====== DATA SEGMENT ======

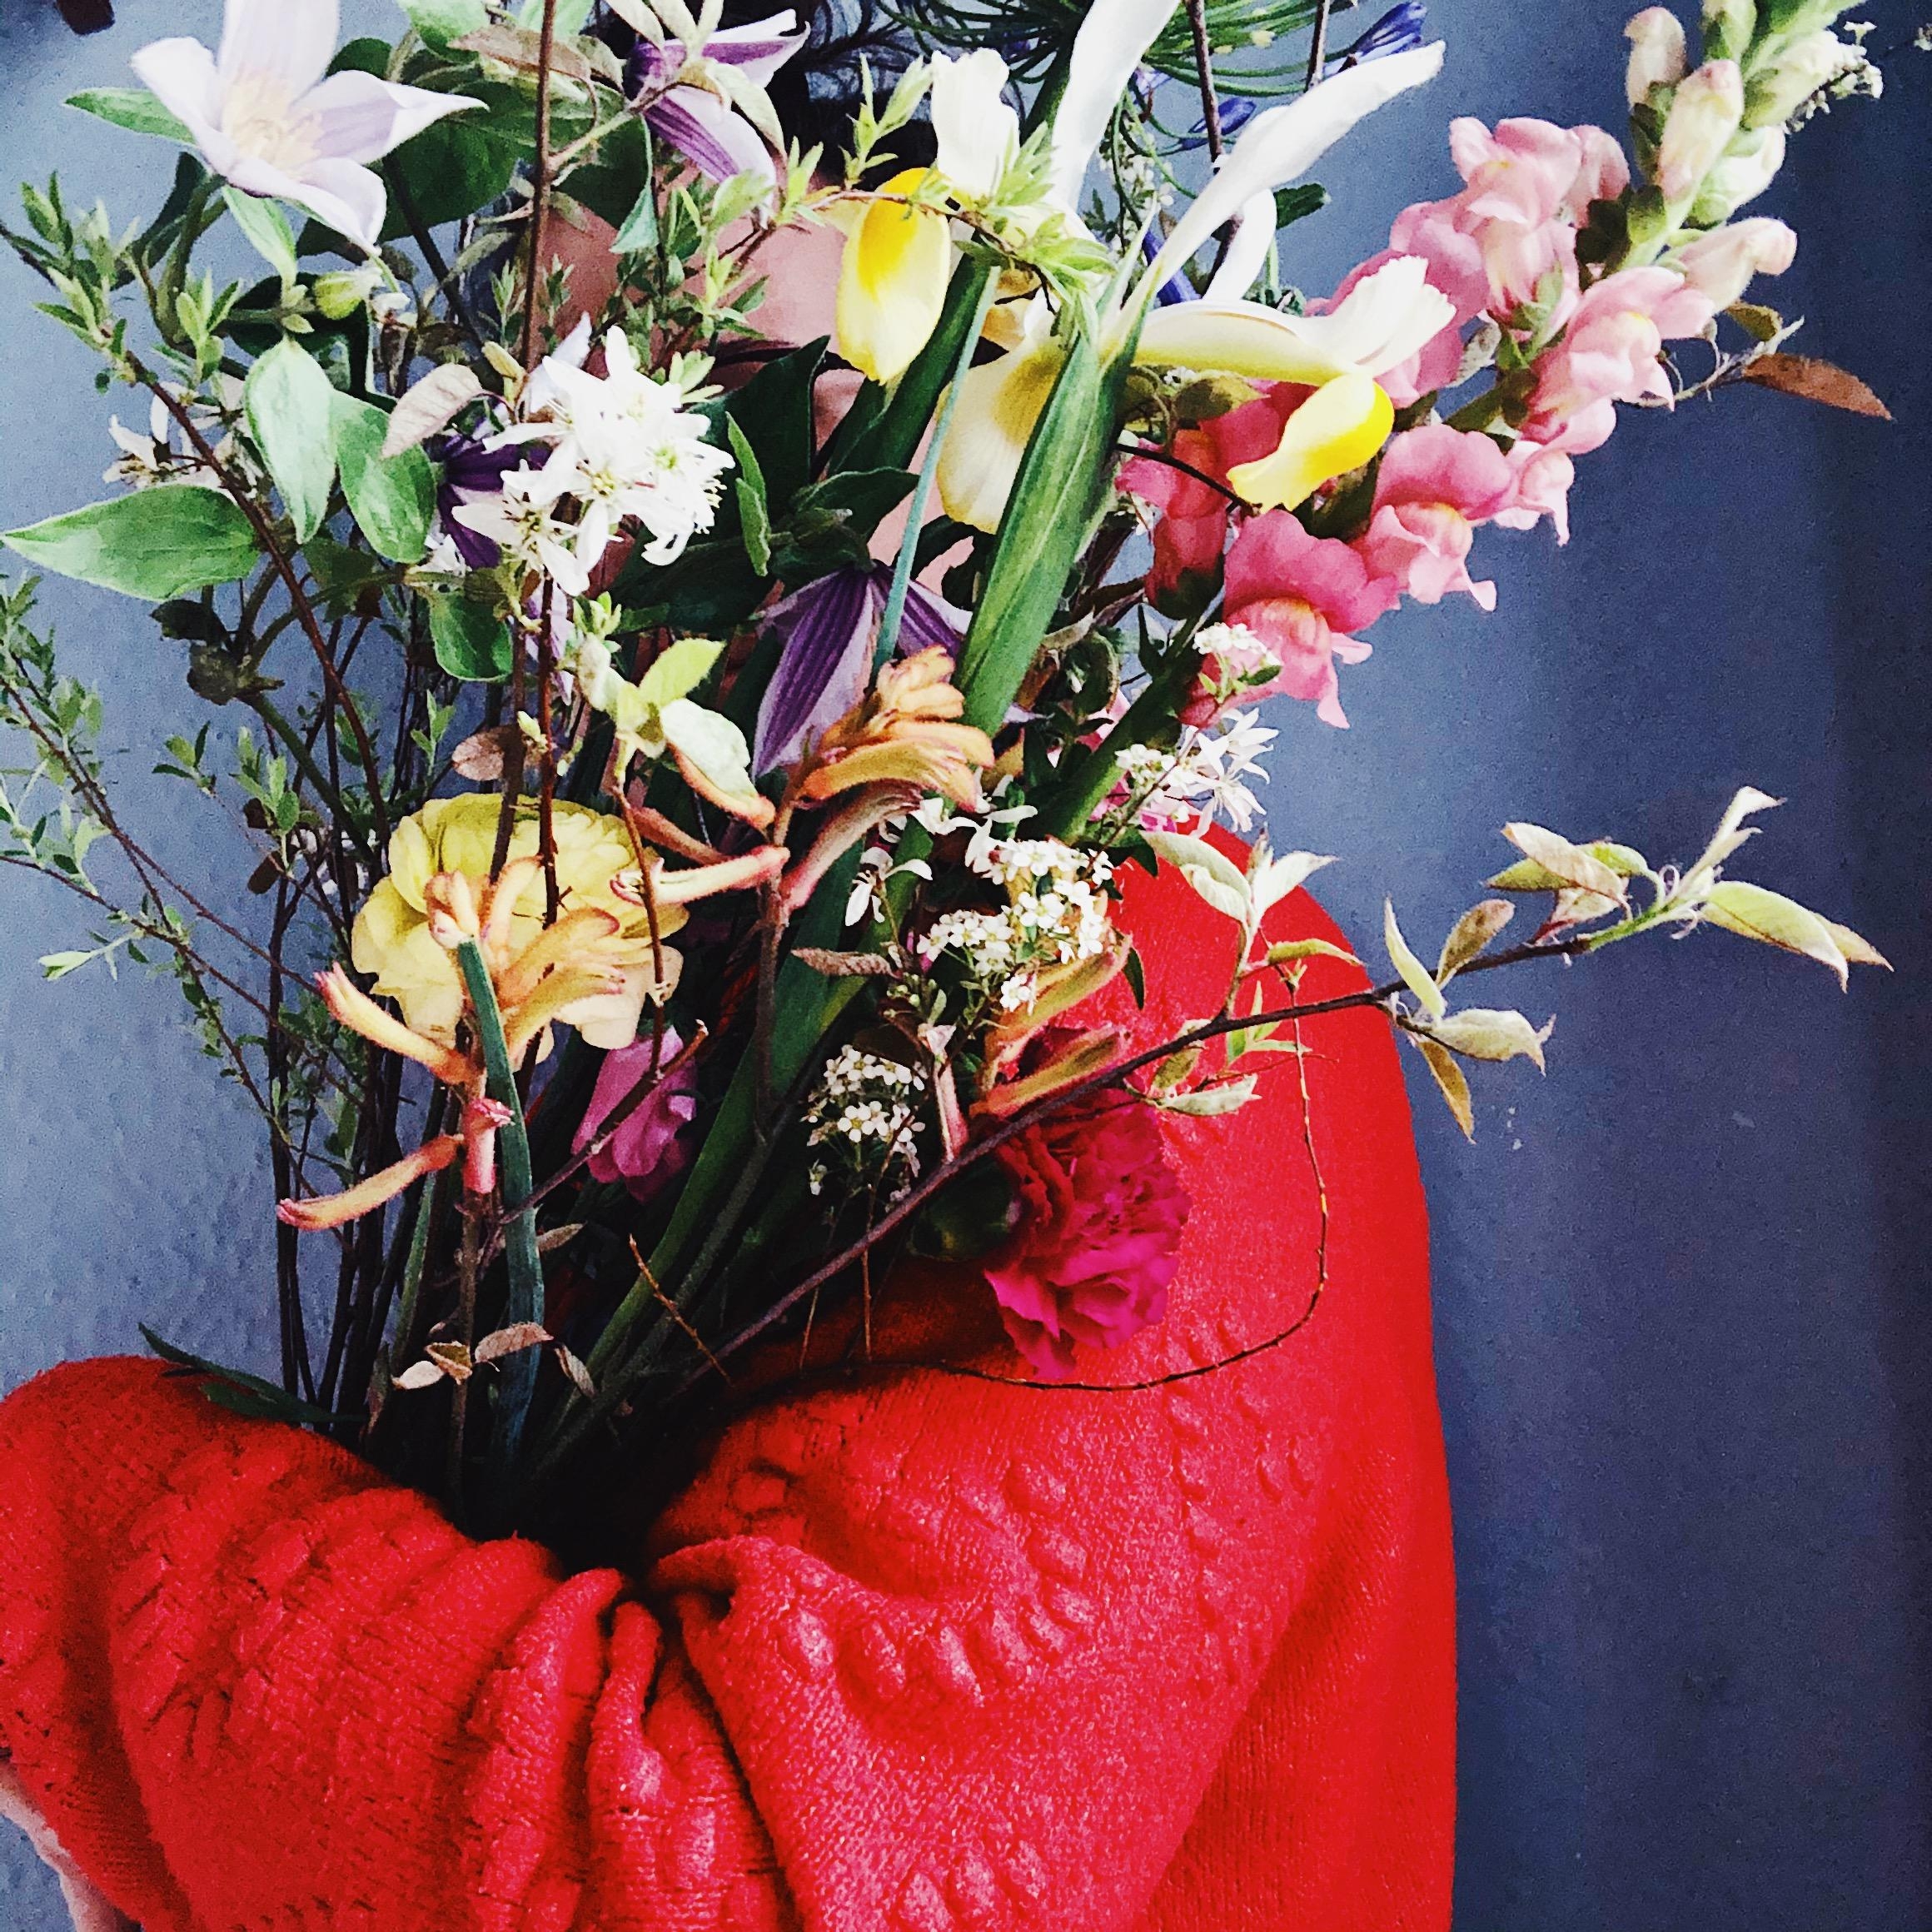 An arm full of flowers 🌺 
#detailverliebt #Blumen #Blumenliebe
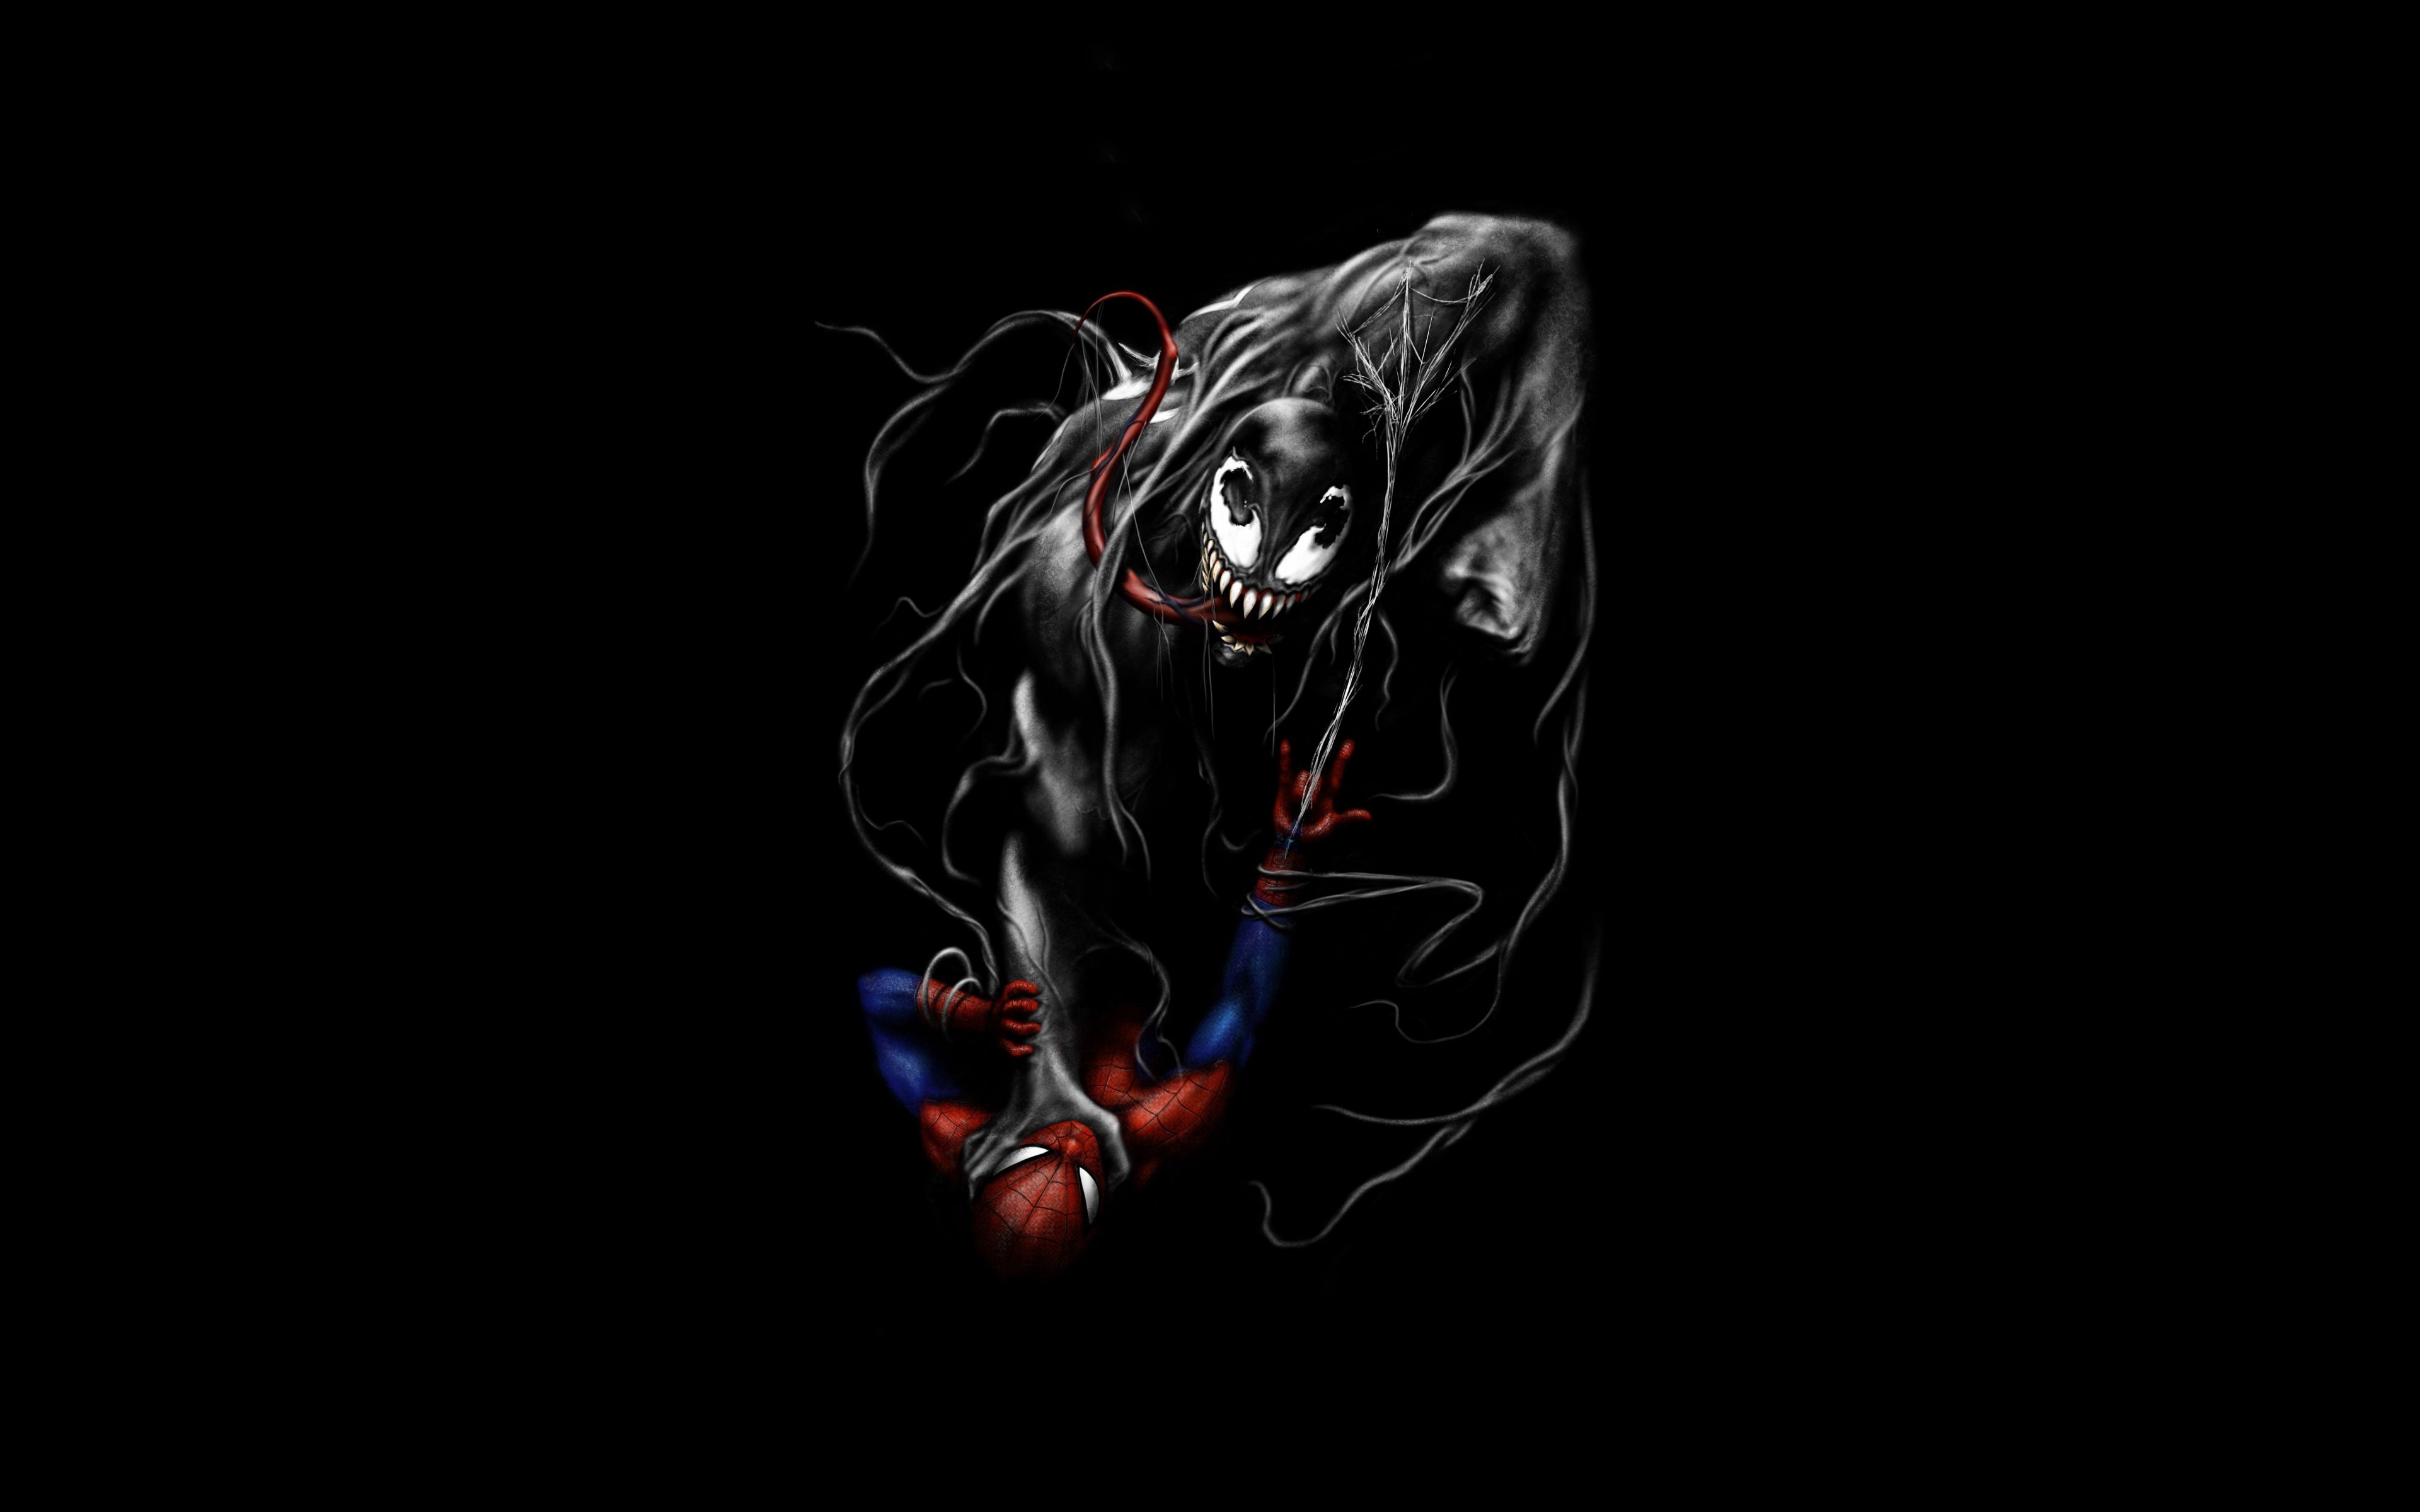 Download 3840x2400 Wallpaper Venom And Spider Man, Fight, Black And Dark, Minimal, Art, 4k, Ultra HD 16: Widescreen, 3840x2400 HD Image, Background, 10437

======

TASK INSTRUCTIONS — From the line holding "#detailverliebt #Blumen #Blumenliebe" to the last line of the listing, please output each line exactly as it stands. Pictures stay out of the copy.

THE ANSWER —
#detailverliebt #Blumen #Blumenliebe
 Download 3840x2400 Wallpaper Venom And Spider Man, Fight, Black And Dark, Minimal, Art, 4k, Ultra HD 16: Widescreen, 3840x2400 HD Image, Background, 10437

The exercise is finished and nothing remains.